The metadata movement for resource discovery on the Web

The high dynamics of web resources (Lawrence & Giles, 1999), both in size and content, as well as their unique characteristics (Heery, 1996), has posed many challenges for using the traditional procedures of resource organization and discovery, such as cataloging rules, in the Web environment. The challenges in the way of deploying cataloging rules for digital resources (Beacom, 2000; Huthwaite, 2001; Lagoze, 2000; Weiss and Carstens, 2001), have led to favoring "metadata" as the best means of describing and discovering resources on the Web.

Metadata is a heavily loaded term for which many definitions have been offered. It, in general, may be defined as structured data about data (Burnett, Ng & Park, 1999, p.1212). More specifically, it is a structured set of elements that describes the information resource for the purpose of identification, discovery and use of information (Lee-Smeltzer, 2000, p.206). To encompass the main perspectives on metadata and accurately reflect the current status of its studies, Burnett et al. (1999) define metadata as "data that characterizes source data, describes their relationships, and supports the discovery and effective use of source data" (p. 1212).

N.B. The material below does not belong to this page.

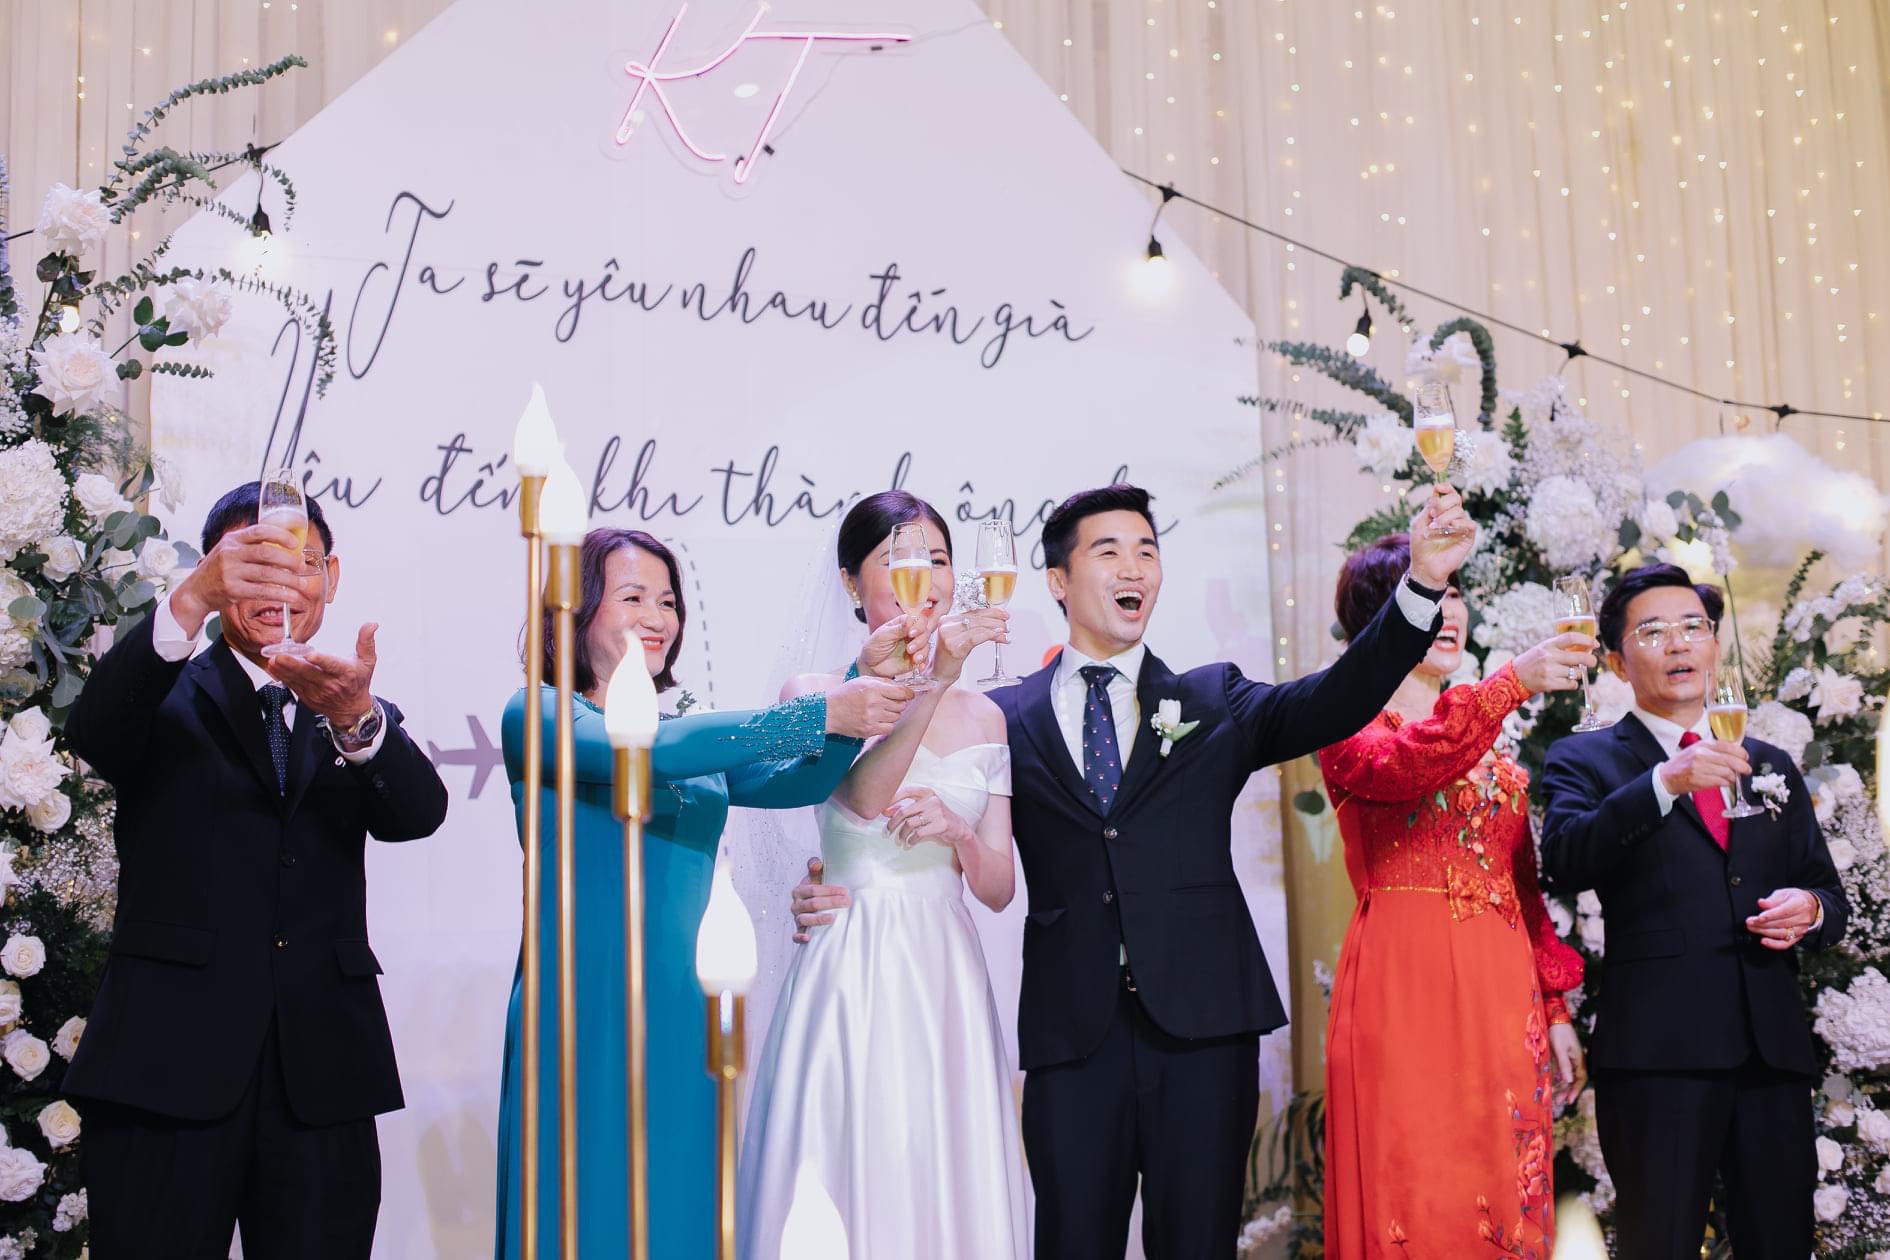 Thanh Hằng và chồng nhạc trưởng xuất hiện sau tiệc cưới xa hoa gây chú ý |  Báo Dân trí

Metadata is a recent coinage though not a recent concept. The above definitions about metadata are usually followed by the observation that libraries have been producing, standardizing and maintaining metadata for a long time; because descriptive data such as standard bibliographic information, and indexing and cataloging information are all structured data that describe the attributes and contents of an information resource to facilitate their discovery and use, hence metadata. However, while the concept of metadata is a familiar one for information professionals, in today's jargon, this data is considered to "[be] structured so that it can become machine-understandable as well as machine-readable […] and has largely been identified with issues of Internet resource discovery" (Day, 1999). As Milstead and Feldman (1999) point out, this term "… is generally applied to electronic resources (though it doesn't have to be) and refers to "data" in the broadest sense--datasets, textual information, graphics, music, and anything else that is likely to appear electronically. While the concept includes indexing and cataloging information (information for "resource discovery" in Webspeak), it can go far beyond conventional document representations, such as MARC records."

Today metadata activities are unprecedented. Because of the exponential growth of information resources on the Web, they expand beyond the traditional library environment to deal with the problem of effective resource description and discovery. The accelerated growth in the related literature on the topic of metadata and the rapid decrease of the word cataloging (Ercegovac, 1999) as well as several metadata standards with different levels of richness and complexity originated from different communities (Heery, 1996; Dempsey & Heery, 1997; Burnett, Ng & Park, 1999), reveals the unprecedented movement towards metadata for resource discovery on the Web.

Dublin Core Metadata Initiative: a simple metadata for the Web

Within the diverse resource discovery activities of the mid 90's, ranging from unstructured indexing of full-text resources by search engines to richly-structured data like Machine Readable Cataloging (MARC) and Text Encoding Initiative (TEI) records, Dublin Core metadata standard arose as a means to mediate these extremes. it originated from a workshop sponsored by Online Computer Library Center (OCLC) and the National Center for Supercomputing Applications (NCSA) in March 1995 to "form an international consensus on the semantics of a simple description record for networked resources" (Weibel, Iannella & Cathro, 1997). It was believed that resource discovery is the most pressing need that metadata can satisfy (Weibel et al., 1995). Therefore, only descriptive data elements required to support resource discovery were considered and data elements covering other characteristics of the resource such as terms and conditions, archival status, and other types of metadata were not included (Dempsey & Weibel, 1996).

The primary deliverable from the OCLC/NCSA workshop was a set of thirteen metadata elements, named the Dublin Core Metadata Element Set (or Dublin Core, for short) by the workshop participants. The Dublin Core was proposed as the minimum number of metadata elements required to facilitate the resource discovery in a networked environment such as the Internet (Weibel et al., 1995); and until the third workshop, the elements were increased to 15 (Weibel & Miller, 1997). This metadata elements set includes Title, Creator, Subject, Description, Publisher, Contributor, Date, Type, Format, Identifier, Source, Language, Relation, Coverage, and Rights (Dublin Core, 1999).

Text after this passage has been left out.